Table 1 SPIRIT schedule of enrolment and assessments
Full size table

Primary outcome measures

The pain level of each patient will be assessed using the ESAS form at the last visit as primary outcome.

Secondary outcome measures

Pain level assessment

The ESAS at 0th, 6th weeks visits will be taken as secondary outcome measures and will be evaluated all the symptoms.

Assessment for quality of life

The QoL will be collected at 0th, 6th, and 12nd weeks. At each dimension, it has the coefficients of the level of severity utilized for calculating the utility score in accordance with the program of Health Intervention and Technology Assessment Program (HITAP).

Follow up for adverse events

Adverse reactions will be examined using the IRB-approved case report form for adverse drug reaction. The severity of the effects will be evaluated using 5-grade system, and the relationship to the study drugs by 4 statuses.

Biochemical assay

Lipid profile and liver function tests will be measured using the biochemistry analyzer and the quantitative analysis will be conducted as a baseline characteristics.

Quantitative analysis of cytokines and bacterial metabolites

We will assess alterations in various cytokines, bacterial metabolites, and the microbiome. Quantitative measurement of IL-10 and TGF-β as anti-inflammatory cytokines, and IL-17 and IFN-γ as inflammatory cytokines will be conducted with Flow Cytometry analyzer using human essential immune response panel (13-plex). Bacterial markers such as LBP, sCD14, and equol will be detected using ELISA techniques. Bacterial metabolite concentrations, including short-chain fatty acids, bile acids, and cadaverine, will be determined via HPLC. Then, the expression levels of these parameters before and after treatment will be compared to evaluate the efficacy of the treatment.

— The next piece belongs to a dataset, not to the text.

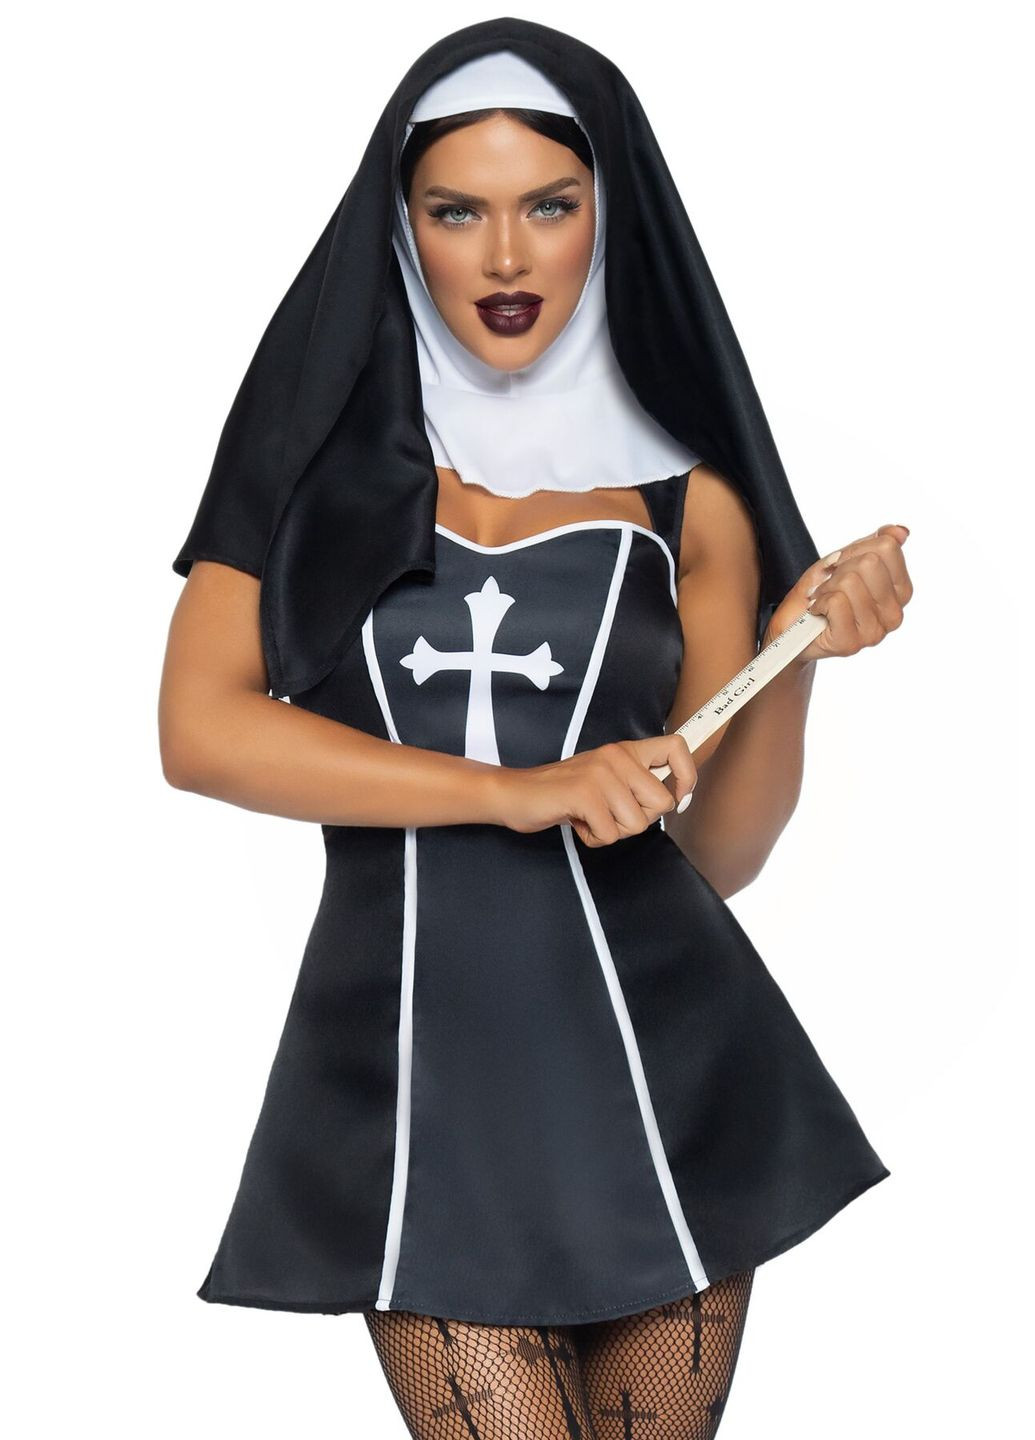 Костюм монахини Naughty Nun, платье, головной убор - CherryLove Leg Avenue (282959024)

Microbial abundance and diversity

For the gut, skin, and oral microbiomes, we will compare microbial abundance at the baseline and end of the trial across different treatment arms to investigate how cannabis oil treatment affects pain assessment. The alpha and beta diversity of the microbiota will be analyzed.

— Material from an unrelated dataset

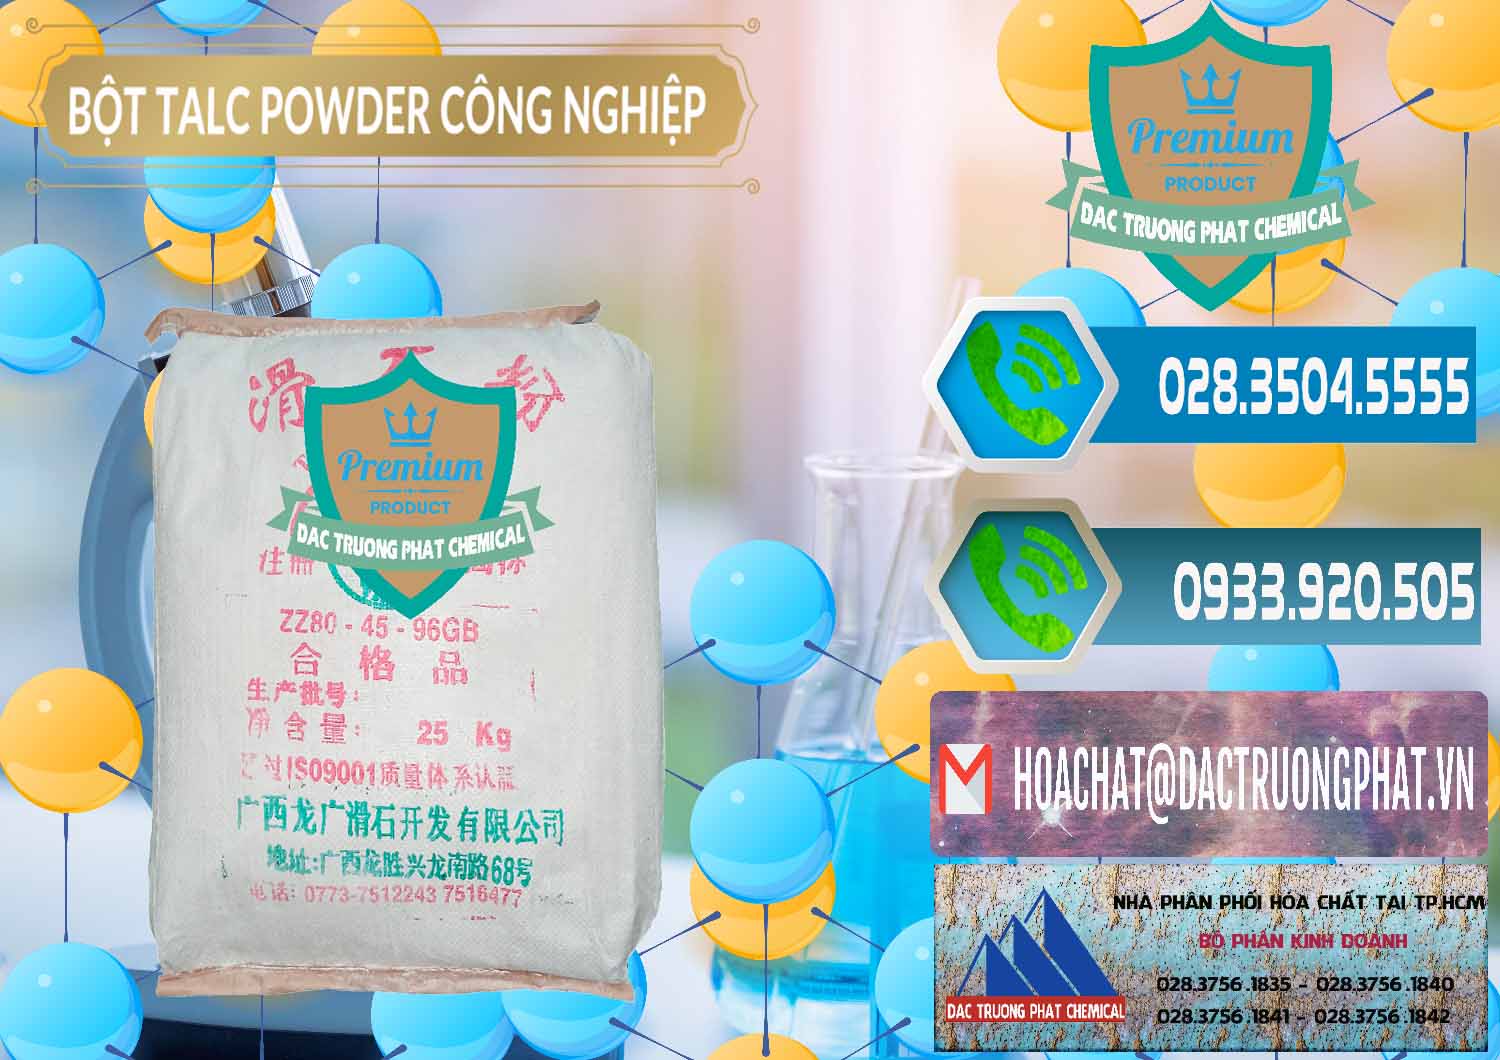 Cty chuyên bán & phân phối Bột Talc Powder Công Nghiệp Trung Quốc China - 0037 - Đơn vị cung cấp ( phân phối ) hóa chất tại TP.HCM - congtyhoachat.net

Determination of pharmacokinetic and pharmacogenetic parameters

The kinetic concentrations of THC and CBD will be quantitatively measured in two visits to determine the pharmacokinetic and the candidate genes for pharmacogenetic parameters.

Safety

It has been confirmed the effectiveness of the cannabis products in the preliminary analysis and monitored the side effect at the trials.

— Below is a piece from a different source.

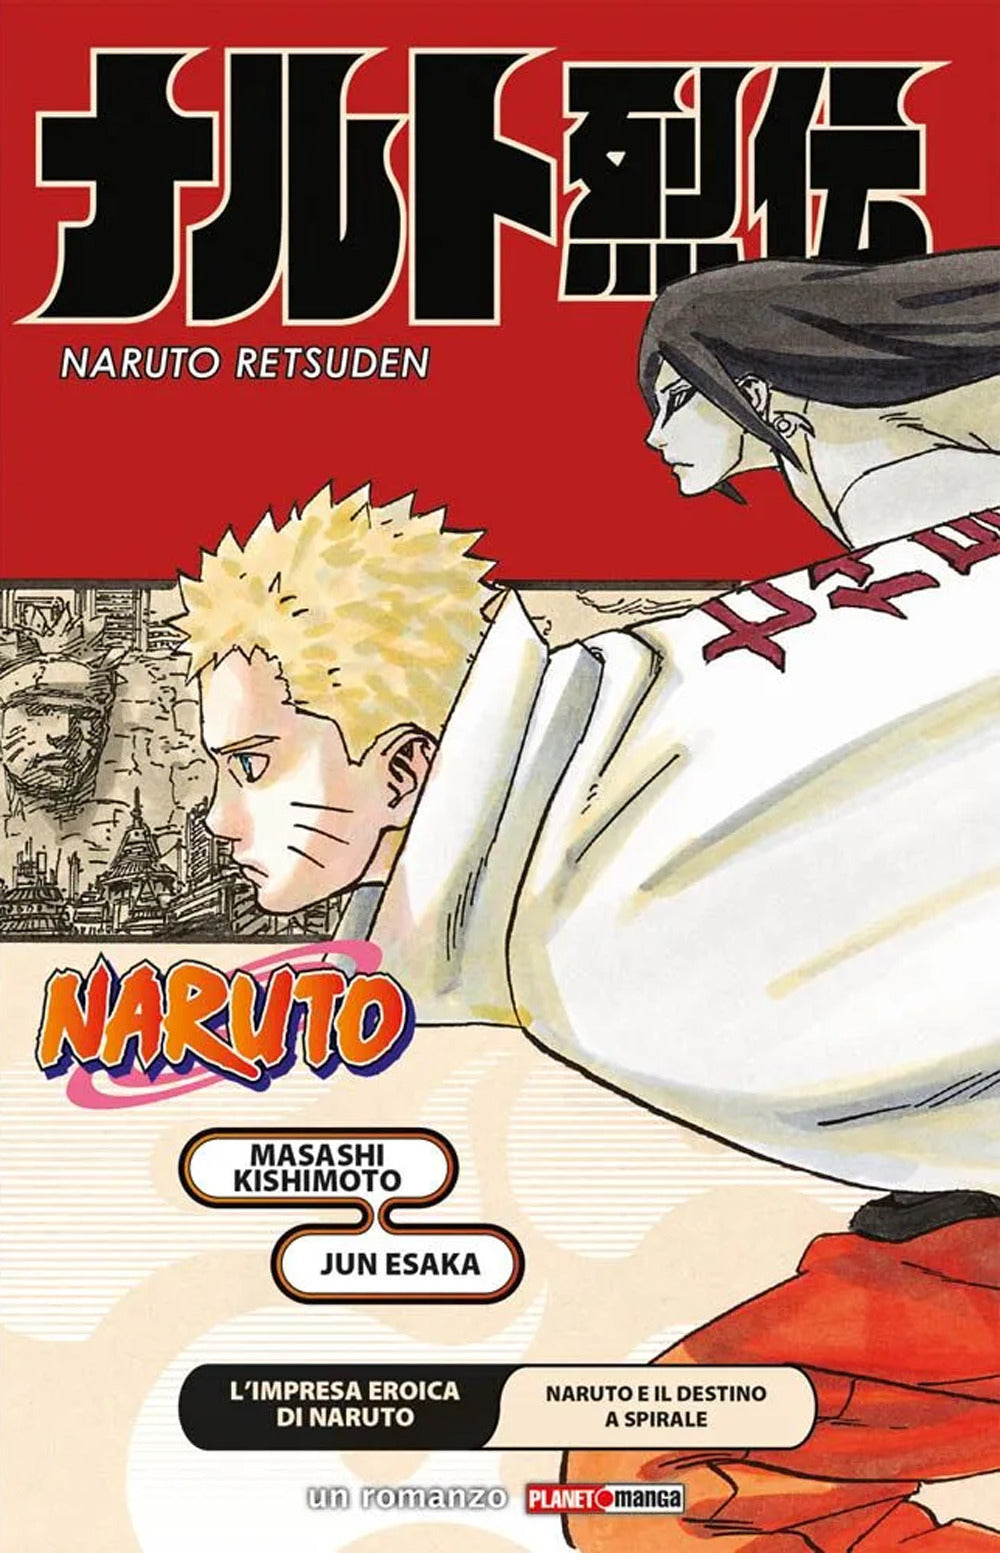 L'impresa eroica di Naruto. Naruto e il destino a spirale. Naruto.

Statistical considerations

Sample size estimation

We target 30 patients in each arm, considering the maximum follow-up loss of 50%. Since the target population is metastatic breast cancer cases, questionnaires and biological samples such as blood, stool, saliva, and breast skin scrapping will be collected before and after the treatment, which could increase the withdrawal rate at any time during the trial.

Statistical analysis

The data collected from different questionnaires, including case report forms, will be prepared in Microsoft Excel, followed by data cleaning and extraction. The statistical analysis will be performed on an intention-to-treat basis using Stata/MP software version 16.0 (StataCorp 2017, College Station, TX). Descriptive statistics like pair t-tests for before and after-treatment groups will be carried out using mean with standard deviation for normally distributed continuous data and median with interquartile range for non-normal distributed continuous data. Categorical data will be presented as counts and percentages using the Chi-square test. Continuous data will be assessed for normal distribution using a histogram and Shapiro–Wilk test. One-way ANOVA with Bonferroni correction will be used for normally distributed continuous data, and the Kruskal-Wallis test will be used for non-normal distributed continuous data among 3 arms.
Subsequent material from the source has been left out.